In the course of the last decades the low-resolution models have evolved, and it has
become clear that the combination of top down and bottom up-strategies in their parameterization
can produce model with accuracy comparable or exceeding that of atomistic FFs, especially
in the evaluation of thermodynamic properties. In the review by Orellana, the theme
of cross-validation of in vitro and in silico is addressed, showing that the best
way to tackle the complexity of live matter is a multi-disciplinary combination of
enhanced sampling simulation techniques and path sampling methods applied to multi-scaling
approaches mixing simplified models as EN with atomistic representation and experimental
as CryoEM. The application focus is here on the switching proteins, ubiquitous, and
difficult to address due to large conformational changes. However, a similar need
for inclusion and cross-validation of models by means of experimental data emerges
in the MS models for the cytoplasm, where, as shown by this brief report of by Kompella
et al., standardized data about the composition in mass, size and diffusivity and
inter-crossing relations between the cell elements are needed to set up a model for
eukaryotic cells accurately reproducing the crowding effects.

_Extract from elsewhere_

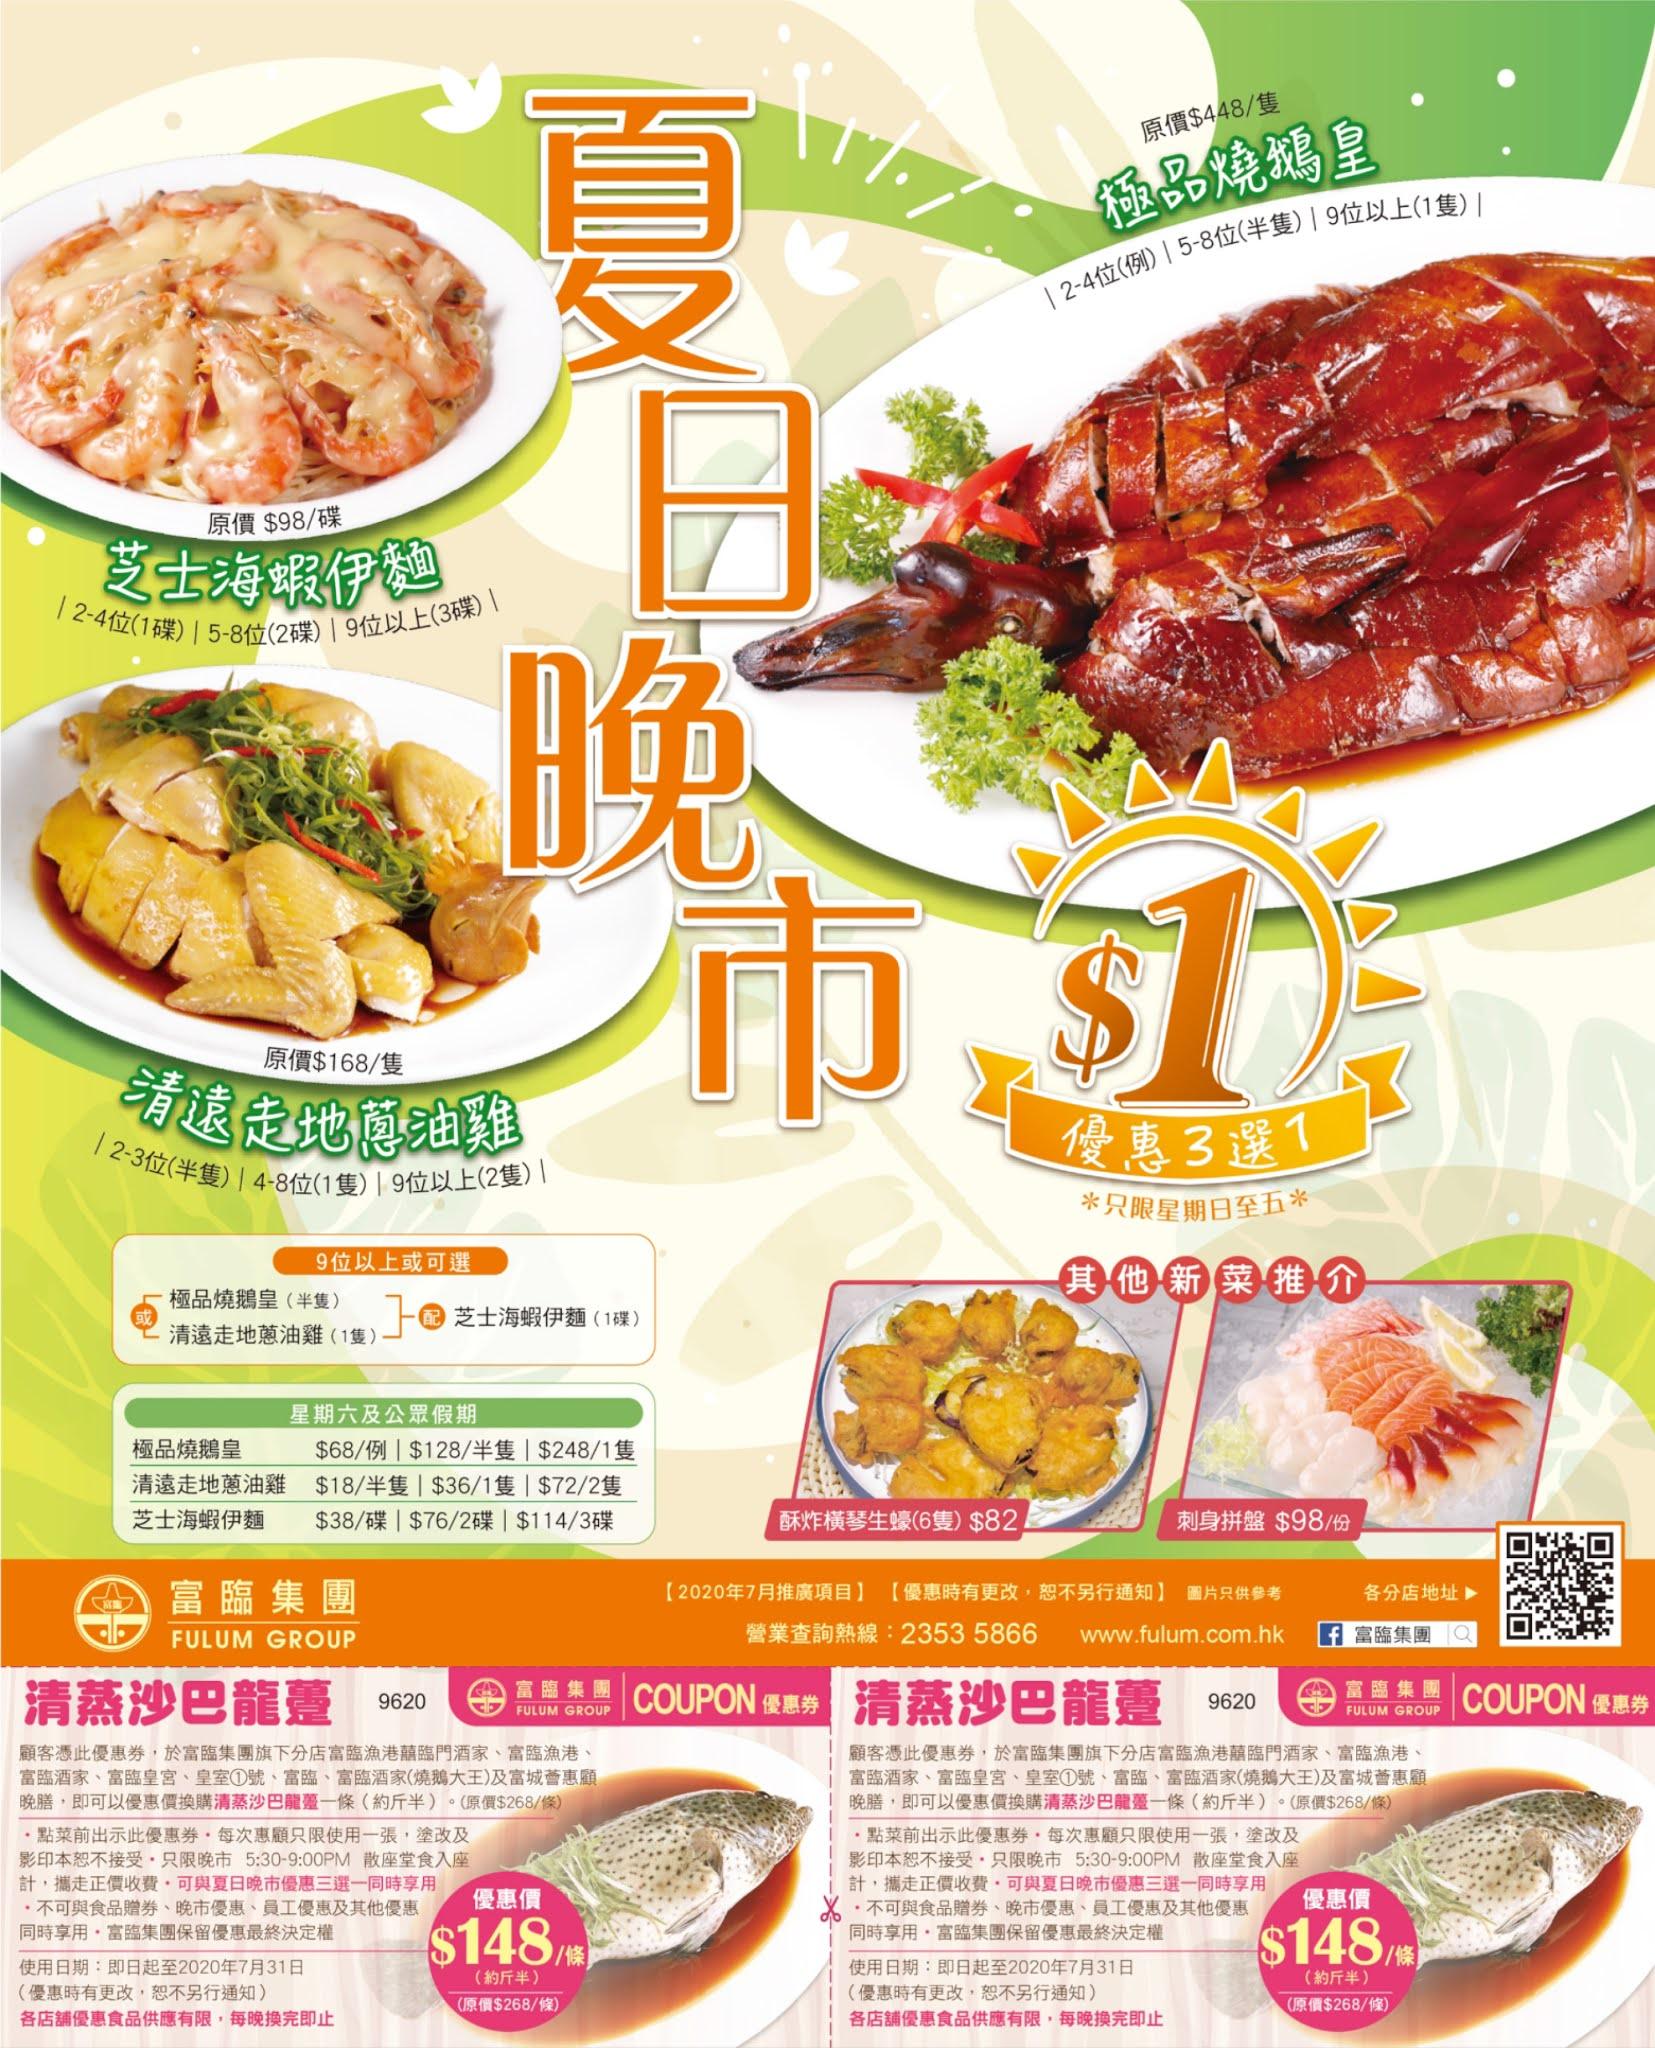 富臨酒家: 夏日晚市 優惠3選1 HK$1 至7月31日

Indeed, elements from system biology must be included when the level of simulation
scales toward that of the cell. Widely used approaches in this case are those of Kinetic
Master Equations (KME) connecting a set of cell elements. KME is used for instance
in the representation of the whole complement cascade of the immune system illustrated
in the Opinion by Zewde, where the vertices of the network are proteins, NAs and other
cell components, and the kinetic parameters are evaluated through BD, within a “serial”
coupling between particle-based and system biology methods. Similarly, Thornburg et
al. address the processes of replication, transcription, and translation of a minimal
synthetic cell, using atomistic data and genomic information for the parameterization.
The model is able to predictively account for details such as the ribosomes production
and activity. This should be considered a step forward in the representation of an
entirely in silico cell.
The interdisciplinary character of multiscale approaches emerges clearly from the
panoramic view on the methods illustrated in this collection, enriched by the contributions
of the participants to the Workshop Multiscale Modeling from Macromolecules to Cell
3
(CECAM Lausanne Feb 4-6 2019) organized by us and by which this collection was inspired.
It is apparent that we are currently witnessing the historical moment in which the
bottom-up computational approaches rising from the atomic and molecular level, and
the top-down experimental methods, from the macroscopic level, meet at the mesoscale,
where new possibilities of discovery and comprehension are enabled. Finally, before
closing, we would like to comment on COVID19, the severe respiratory syndrome caused
by the SARS-CoV-2 virus. COVID19 continues to unexpectedly test many of the cross-disciplinary
and multiscale approaches discussed in this collection (Swiderek and Moliner, 2020)
with many ongoing efforts from this community aiming to understand viral mechanisms
of action (Zhao et al., 2020) as well as identify possible drugs and vaccines (Casalino
et al., 2020). The urgency of the COVID19 situation has led to a unique combination
of private-public worldwide coordination of governments, industries, and academies
offering computing resources (Zimmerman et al., 2020) and sharing of methods, models,
and data
4
. Although this terrible disease has not been defeated, yet, the incredibly rapid
and coordinated worldwide research effort can already been considered a successful
example to follow.
Author Contributions
All authors listed have made a substantial, direct and intellectual contribution to
the work, and approved it for publication.
Conflict of Interest
The authors declare that the research was conducted in the absence of any commercial
or financial relationships that could be construed as a potential conflict of interest.